I designed the project to be as modular as possible. It means that you will be able to create new levels and new obstacles. Moreover, this is still a work in progress, it implies that corrections and improvements will be done and new levels will be made.
To help me create the environment in terms of code, I followed the very good course made by Immersive Limit on Unity Learn.
The question you may ask now is how we’re going to train this agent?
Let’s train Indie
To train Indie, we’re going to use PPO with a Curriculum Learning strategy. If you don’t know what PPO is, you can check my article.
What is Curriculum Learning?
Curriculum learning is a reinforcement learning technique to better train an agent when it needs to learn a complicated task.
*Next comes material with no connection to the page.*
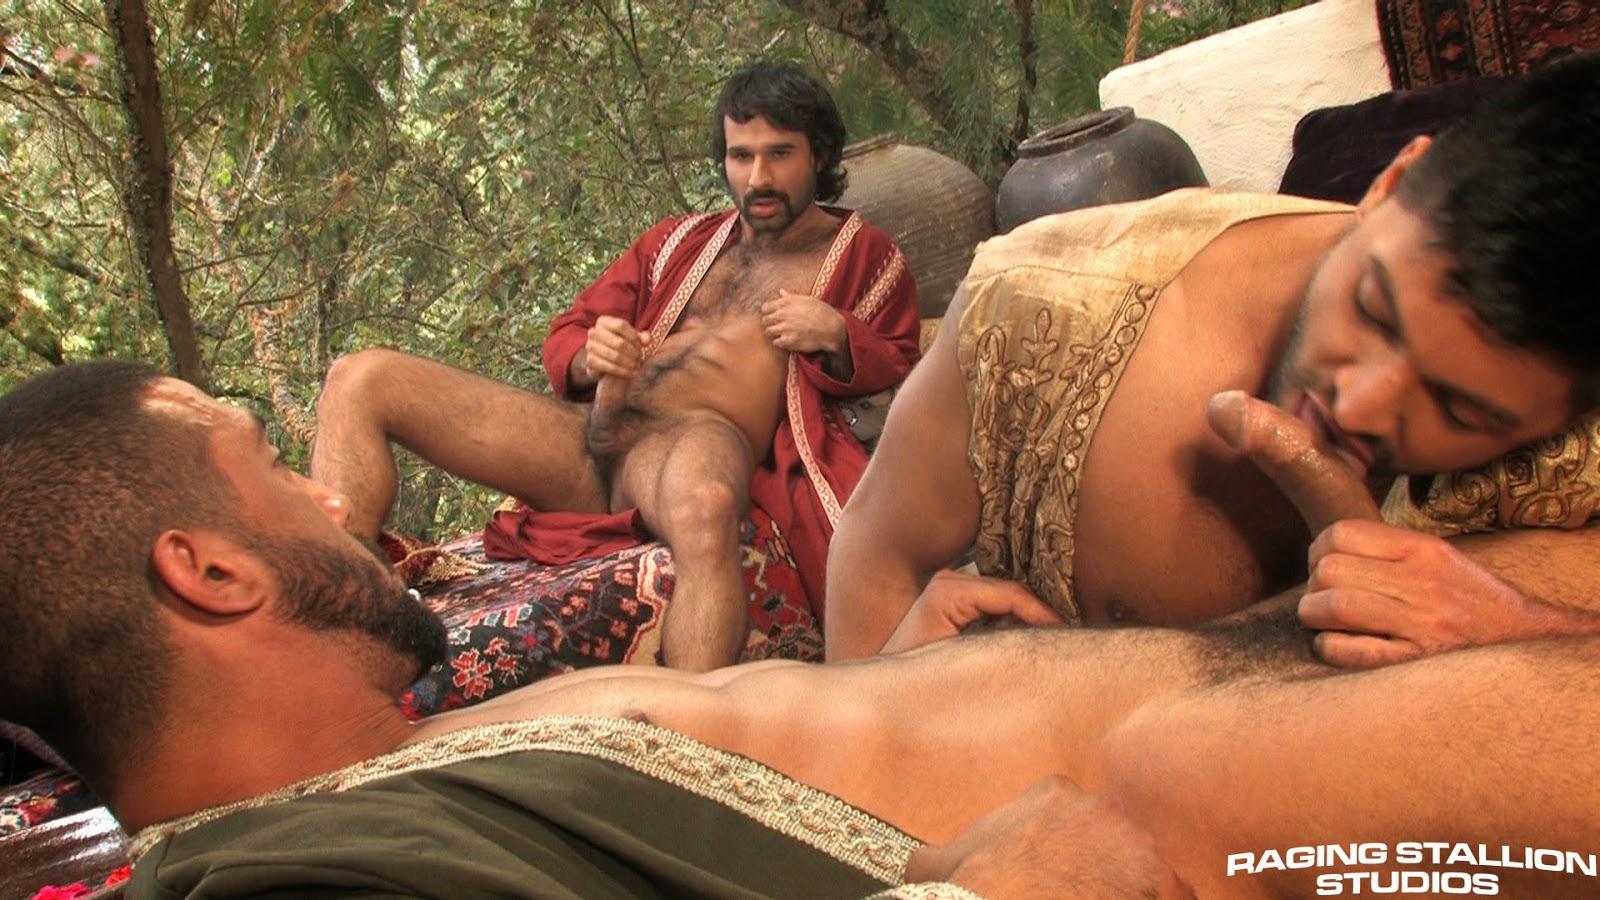 Arab gay sex guy school out frat piss 8

Suppose you’re 6yo, and I say to you that we’re going to start learning Multivariable Calculus. Then you’ll be overwhelmed and unable to do it. Because this is too hard for the beginning: you’ll fail.
A better strategy would be to learn simple mathematics first and then add complexity as you get better with the basics to be able, at the end, to complete this advanced course.
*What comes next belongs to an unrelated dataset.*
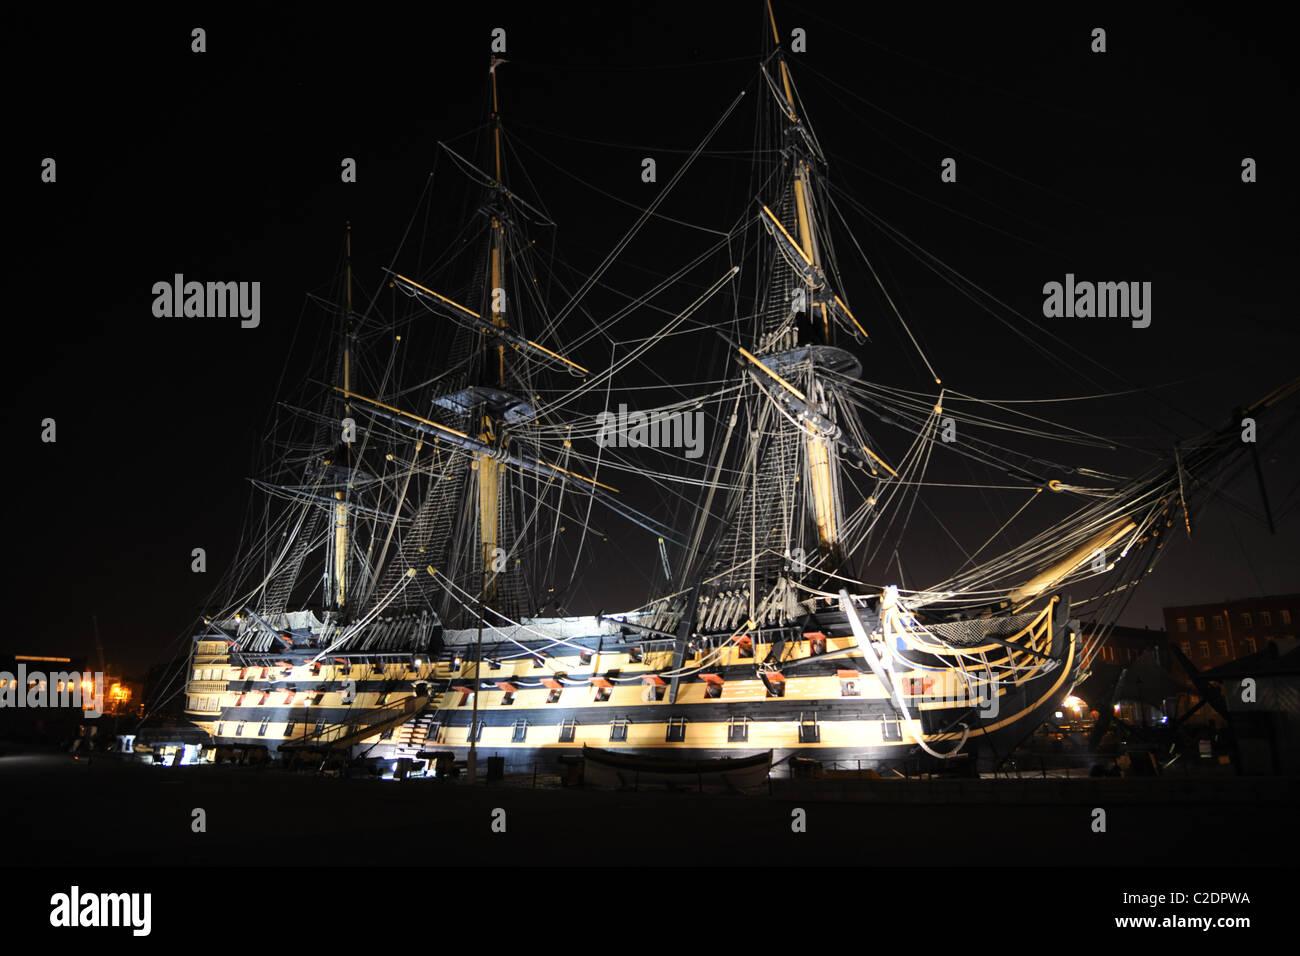 The old warship, man of war sailing ship HMS Victory, floodlit at night. - Stock Image

So you start by arithmetic lesson then when you’re good you continue with Algebra lesson, then Complex Algebra lesson then Calculus lesson and finally Multivariable calculus lesson. Thanks to this strategy, you’ll be able to succeed in Multivariable calculus.
This is the same strategy we’re going to use to train our agents. Instead of giving our agent the whole environment once, we train it by adding a level of difficulty as he gets better.
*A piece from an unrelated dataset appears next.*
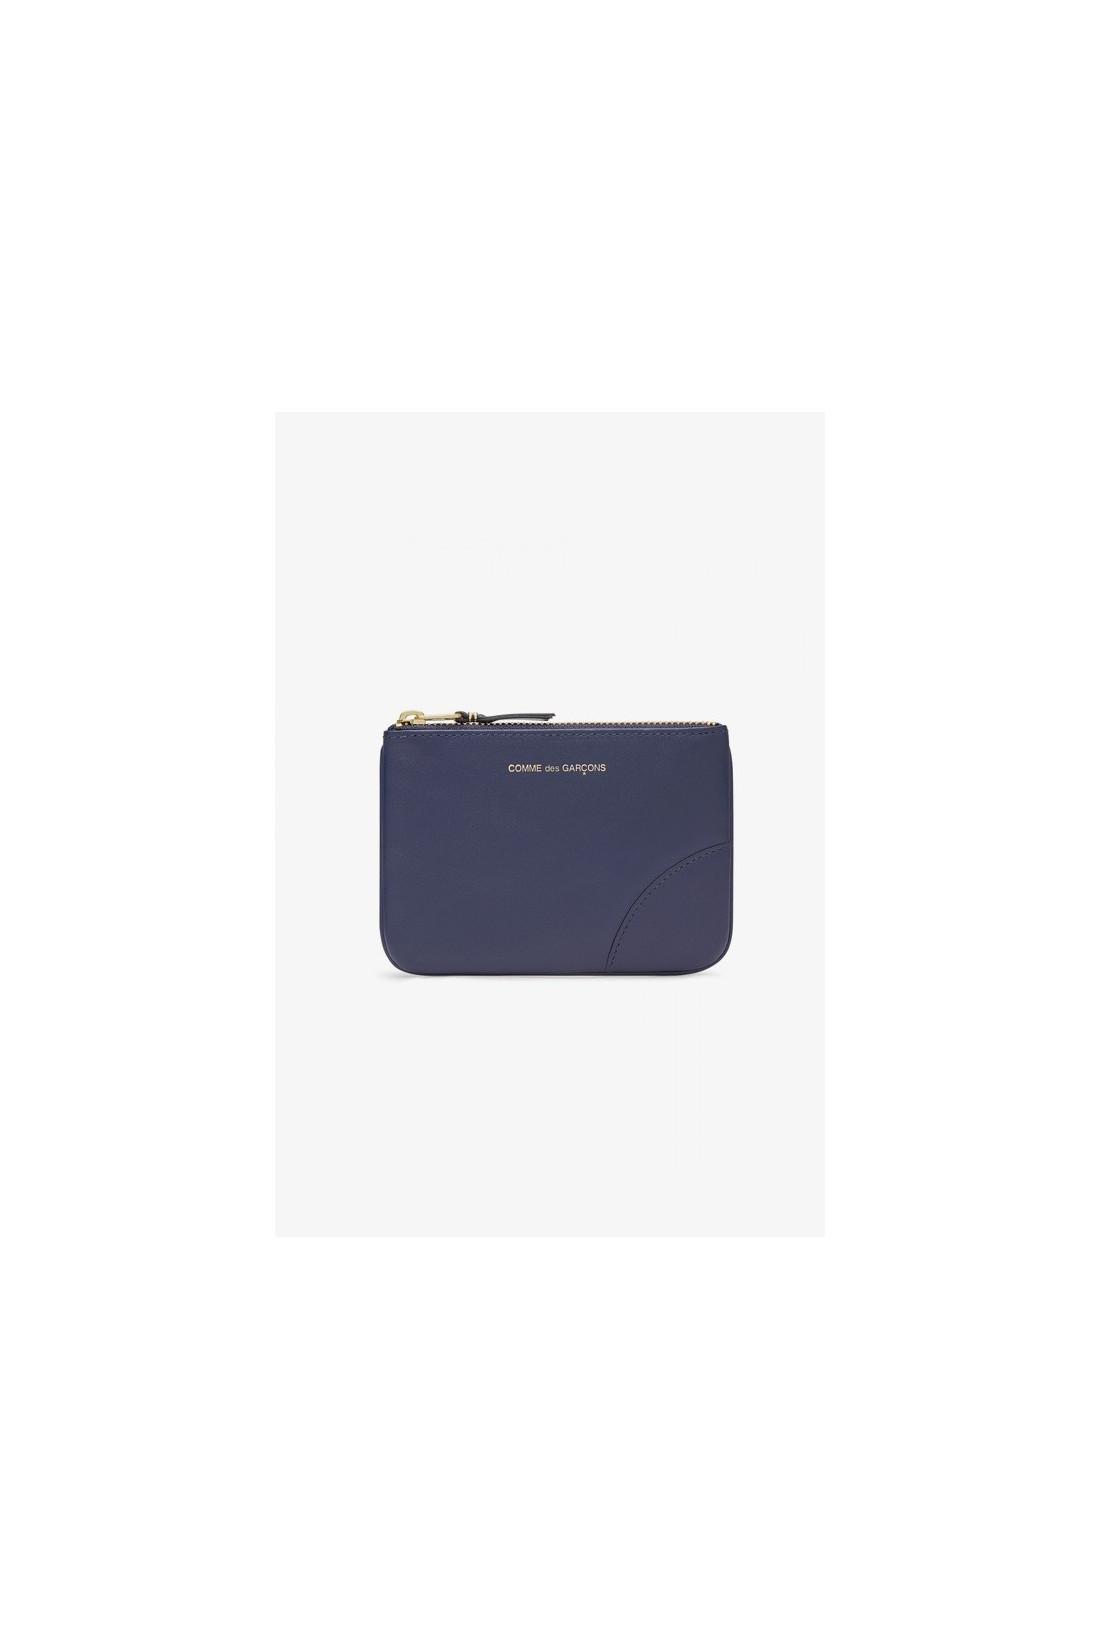 COMME DES GARÇONS WALLETS / Cdg leather wallet classic Navy

In order to do that in ML-Agents, we need to specify our curricula: a YAML config file that will specify when to change environment parameters (in our case, increase the level) based on some metrics (the average cumulative reward). Think of this curricula as a syllabus that our agent needs to follow.
The Curricula goes like this:
- In the first level, the agent needs to learn to get the Golden Statue and avoid falling off the platform.
- Then, in the second level, the agent needs to interact with the physics buttons and turns itself to wood to cross this big wood bridge.
- In the third level, the agent needs to transform itself to rock in order to cross this fire.
- Finally, in the last level, the agent needs to learn to transform itself into wood and to cross a slimmer bridge without falling from it.
Let’s get this golden statue!
If you don’t want to train the golden statue, the trained models are in the Unity Project in the Folder “The Mayan Adventure Saved Models”.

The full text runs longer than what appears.